Mind-body exercises like yoga and Tai Chi and mindfulness practices like meditation and deep breathing can help reduce stress, which can exacerbate symptoms, and help reduce the intensity of symptoms. Embracing bodily changes that come with menopause can support a positive mindset and outlook.
Behavioral changes include wearing a correctly fitted and comfortable bra to help reduce breast discomfort and pain. Also, for breasts, refraining from squeezing any raised glands or using harsh soaps on the nipples can be effective. Applying heat as a heating pad, warm compress or taking a warm bath can help relieve the pain from menstrual cramps. Massaging areas with stretch marks helps boost circulation. Donating blood, assuming you have adequate hemoglobin and vitamin B12 (cobalamin), can help to remove excess ferritin for iron toxicity.

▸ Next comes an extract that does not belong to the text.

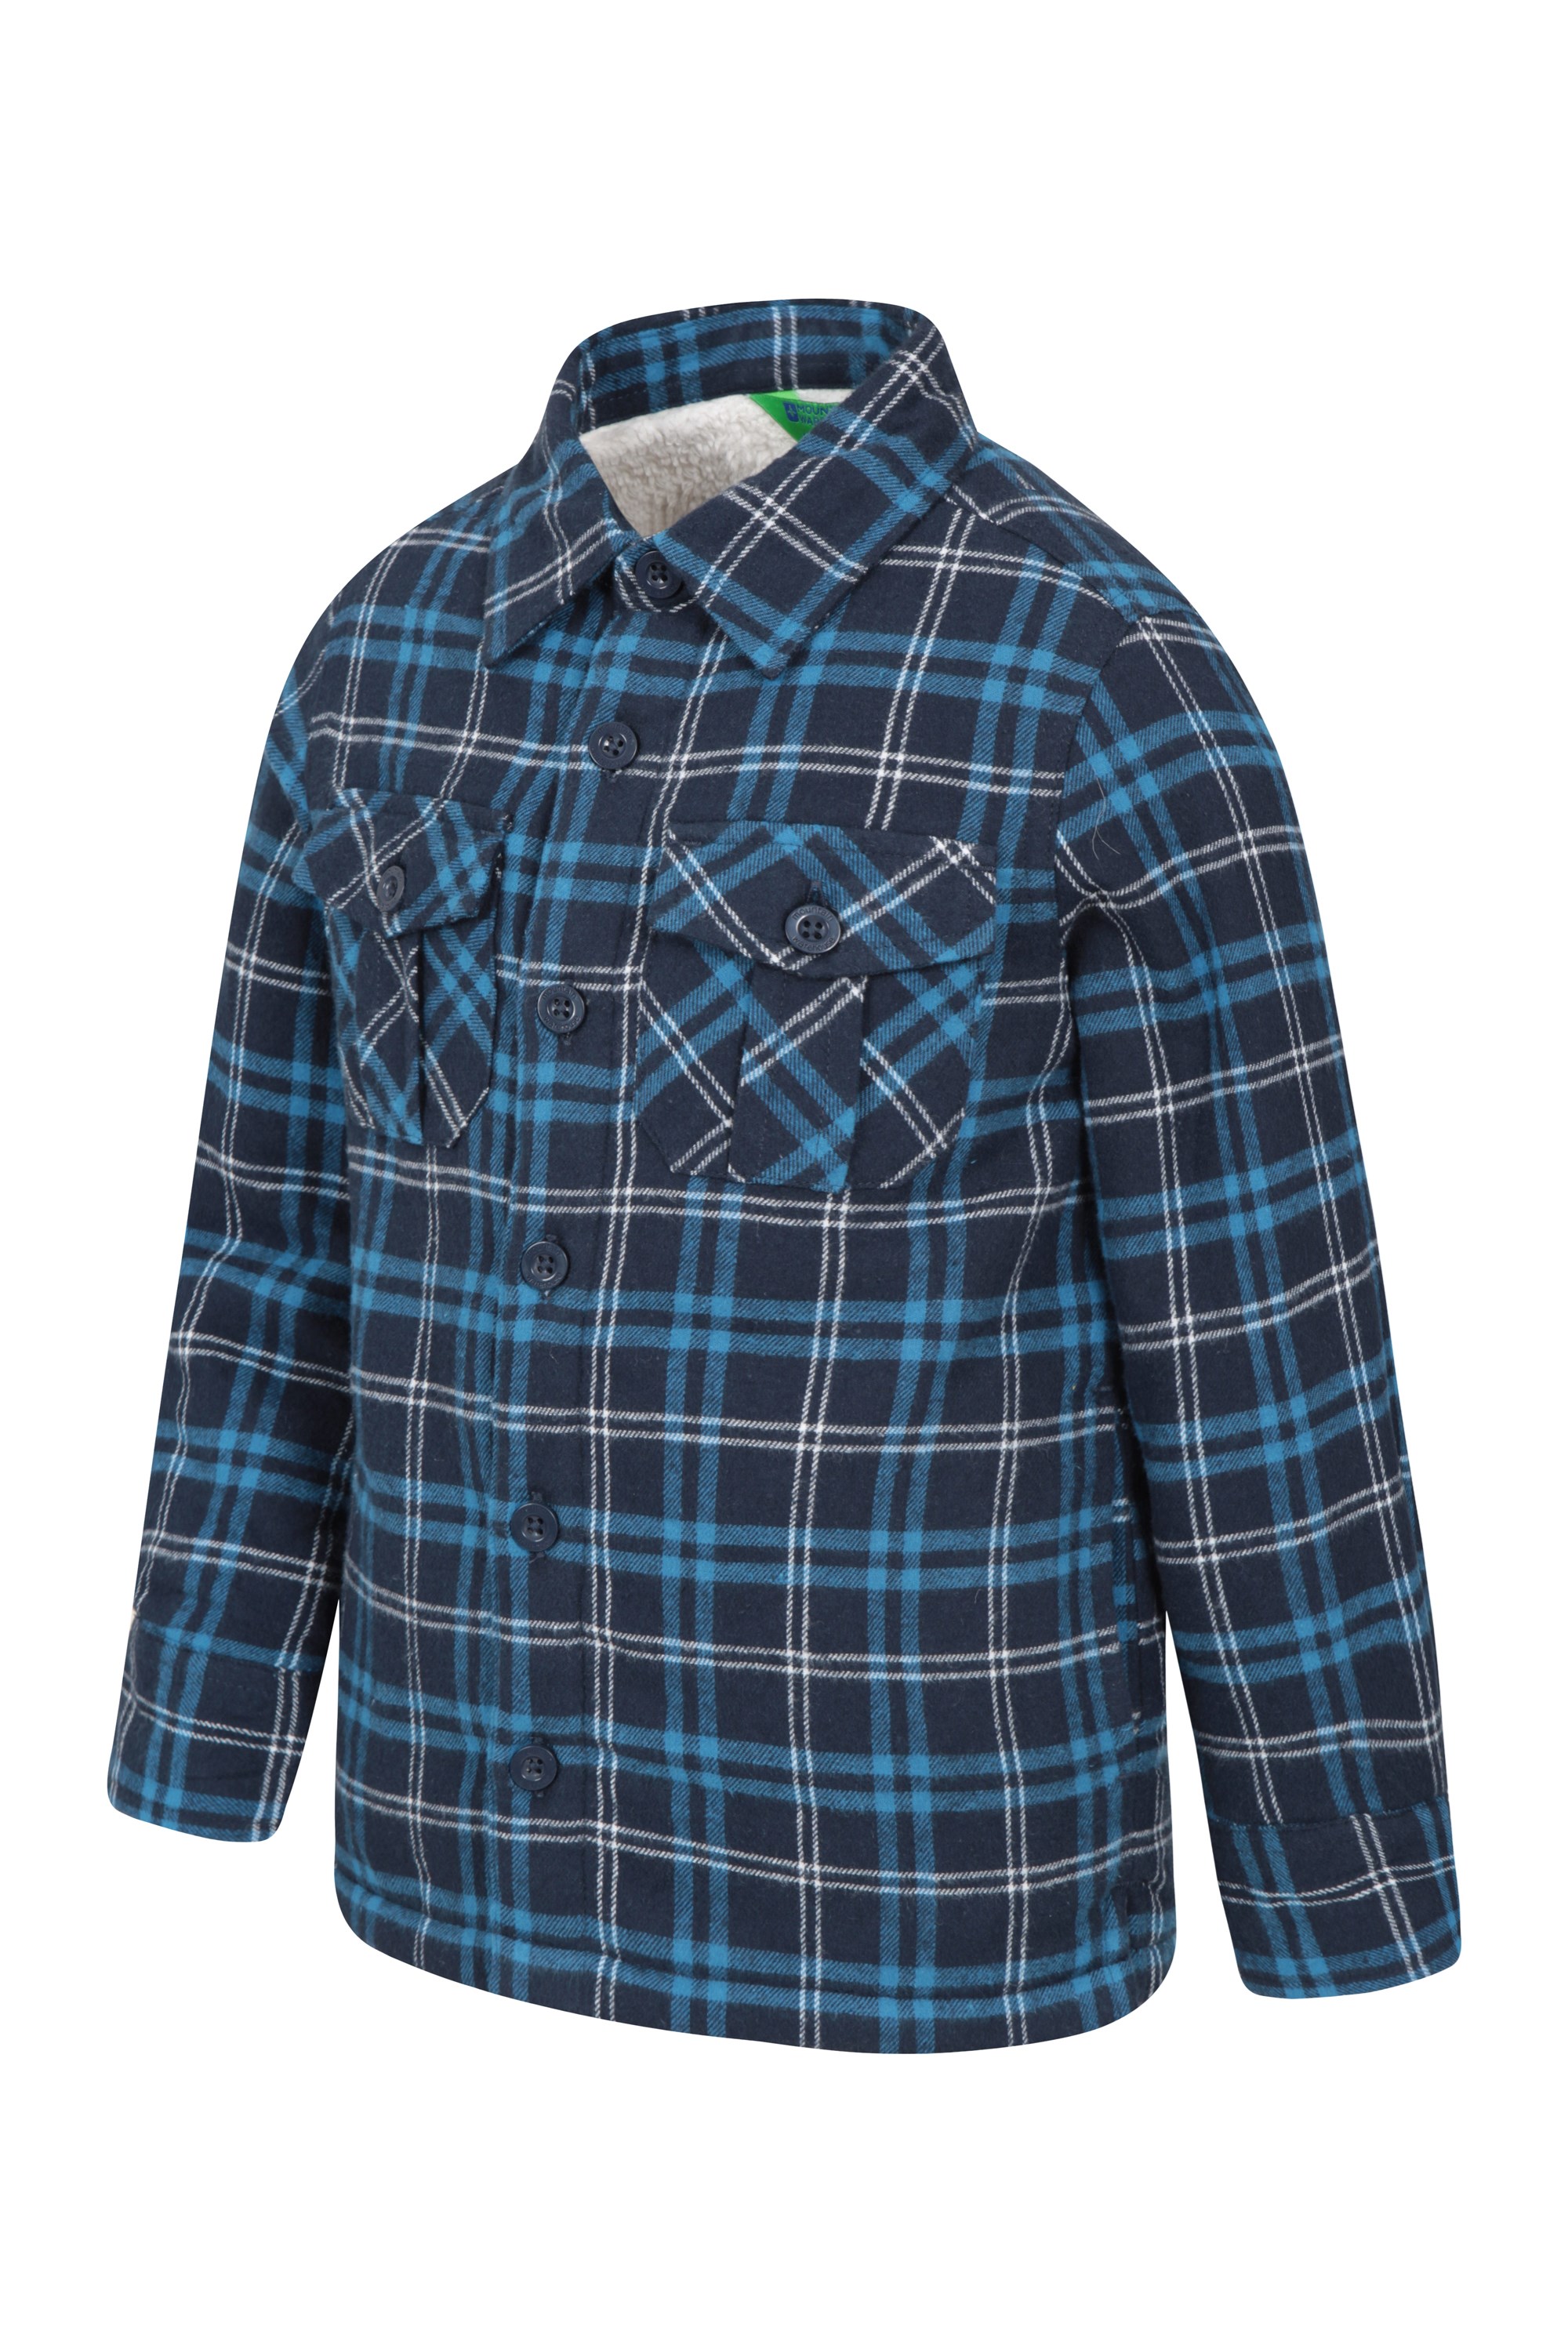 Mountain Warehouse Jackson Youth Shacket for Boy Mix between Flannel Shirt and Jacket with Button Pockets & Trendy Plaid Pattern 100% Cotton Outer & Soft Furry Inside

Consuming a diet with nutrient-dense foods that contain iron, particularly heme iron found in fish, shellfish, pork, poultry, and red meat, including organ meat like liver, and vitamin C to enhance the absorption of iron can help manage ferropenic and menstrual symptoms. A diet that supports weight loss includes minimal sugar, refined carbohydrates, processed and genetically-modified organism (GMO) foods, refined vegetable oils, alcohol, and caffeine. Additionally, kelp seaweed, cod fish, oysters, yogurt, eggs, and beef liver are all rich in iodine. Unrefined salts such as Himalayan, Celtic, and Kosher are beneficial, as they contain more trace minerals than table salt. Staying hydrated with purified water can help suppress appetite, boost metabolism, and remove waste from the body.
Regular physical exercise, including cardiovascular and strength (or resistance) training, can help boost mood, manage weight, strengthen bones, and reduce risk of other diseases like cardiovascular disease. Exercise can also help reduce menstrual symptoms, keep the body toned, promote sleep, improve sleep quality, and reduce sleep disturbances. Being overweight can exacerbate menstrual symptoms and sleep disturbances and introduce sleep disorders.
Nonrestorative sleep creates a hormone imbalance in the body that can encourage overeating and weight gain. Hormones leptin and ghrelin that regulate appetite are changed when sleep is disrupted, resulting in increased feelings of hunger. Smoking can lower estrogen levels further, cause dehydration, and impact circulation, so reducing use is recommended.
Menstrual and weight changes during menopause are driven by hormonal fluctuations starting in the perimenopausal stage. These changes manifest as breast pain, breast size, and shape changes, irregular menstrual cycles, menstrual disorders, ferropenic, weight gain, bloating, and weight loss. The diagnostic process involves assessing a woman’s medical history and symptoms, supported by blood tests, physical examinations, and tests. Treatment options HRT, medications for menstrual symptoms like oral contraceptives and progesterone injections, surgical procedures, therapies, and dietary supplements like chasteberry, dong quai, and Ginkgo biloba. Symptoms can be managed through stress-reduction techniques, eating nutrient-dense foods rich in iron and protein, regular physical exercise, and activity, and deep restorative sleep. These approaches not only ease menopausal symptoms but also enhance overall well-being.